▸ TASK DESCRIPTION
Return the data below exactly, stopping after the line with "Строение глаза человека".

▸ TASK INPUTS
-=-=-=-=-

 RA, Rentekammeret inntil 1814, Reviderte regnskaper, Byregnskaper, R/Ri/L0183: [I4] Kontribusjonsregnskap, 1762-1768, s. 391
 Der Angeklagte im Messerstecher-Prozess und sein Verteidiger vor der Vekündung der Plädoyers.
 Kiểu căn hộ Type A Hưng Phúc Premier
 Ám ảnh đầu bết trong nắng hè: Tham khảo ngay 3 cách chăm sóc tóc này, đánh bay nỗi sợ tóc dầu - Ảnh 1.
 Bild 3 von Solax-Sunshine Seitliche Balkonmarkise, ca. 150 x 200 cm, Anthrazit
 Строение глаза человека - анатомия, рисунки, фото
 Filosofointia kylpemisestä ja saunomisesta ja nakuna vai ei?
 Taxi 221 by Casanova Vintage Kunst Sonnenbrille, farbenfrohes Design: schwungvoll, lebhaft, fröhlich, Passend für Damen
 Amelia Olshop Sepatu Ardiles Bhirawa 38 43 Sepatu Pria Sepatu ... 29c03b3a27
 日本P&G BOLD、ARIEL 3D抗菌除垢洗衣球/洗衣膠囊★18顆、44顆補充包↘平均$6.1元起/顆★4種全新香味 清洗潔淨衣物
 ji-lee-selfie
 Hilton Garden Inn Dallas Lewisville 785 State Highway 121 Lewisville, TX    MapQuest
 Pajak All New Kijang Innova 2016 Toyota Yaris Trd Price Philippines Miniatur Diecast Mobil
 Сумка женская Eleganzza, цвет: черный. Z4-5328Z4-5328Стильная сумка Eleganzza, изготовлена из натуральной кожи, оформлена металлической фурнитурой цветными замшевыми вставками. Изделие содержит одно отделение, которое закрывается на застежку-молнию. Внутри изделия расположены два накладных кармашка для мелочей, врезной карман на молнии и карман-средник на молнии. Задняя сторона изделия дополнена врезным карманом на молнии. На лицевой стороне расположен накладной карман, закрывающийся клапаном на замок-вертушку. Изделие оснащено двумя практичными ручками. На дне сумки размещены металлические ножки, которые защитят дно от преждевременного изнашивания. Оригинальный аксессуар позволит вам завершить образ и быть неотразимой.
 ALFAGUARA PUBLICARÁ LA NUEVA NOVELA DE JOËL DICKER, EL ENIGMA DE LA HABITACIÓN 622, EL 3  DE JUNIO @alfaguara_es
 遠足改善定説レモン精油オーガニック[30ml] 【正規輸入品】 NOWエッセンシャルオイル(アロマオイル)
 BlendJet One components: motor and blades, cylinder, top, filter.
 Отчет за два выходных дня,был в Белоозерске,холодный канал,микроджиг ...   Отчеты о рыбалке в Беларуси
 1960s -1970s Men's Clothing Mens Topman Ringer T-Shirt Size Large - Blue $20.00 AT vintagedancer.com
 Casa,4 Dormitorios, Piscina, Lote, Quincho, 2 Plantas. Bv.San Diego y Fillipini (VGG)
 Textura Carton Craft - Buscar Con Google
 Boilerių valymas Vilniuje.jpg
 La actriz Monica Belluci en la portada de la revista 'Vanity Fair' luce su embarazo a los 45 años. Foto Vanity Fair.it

-=-=-=-=-

▸ EXERCISE RESPONSE
 RA, Rentekammeret inntil 1814, Reviderte regnskaper, Byregnskaper, R/Ri/L0183: [I4] Kontribusjonsregnskap, 1762-1768, s. 391
 Der Angeklagte im Messerstecher-Prozess und sein Verteidiger vor der Vekündung der Plädoyers.
 Kiểu căn hộ Type A Hưng Phúc Premier
 Ám ảnh đầu bết trong nắng hè: Tham khảo ngay 3 cách chăm sóc tóc này, đánh bay nỗi sợ tóc dầu - Ảnh 1.
 Bild 3 von Solax-Sunshine Seitliche Balkonmarkise, ca. 150 x 200 cm, Anthrazit
 Строение глаза человека - анатомия, рисунки, фото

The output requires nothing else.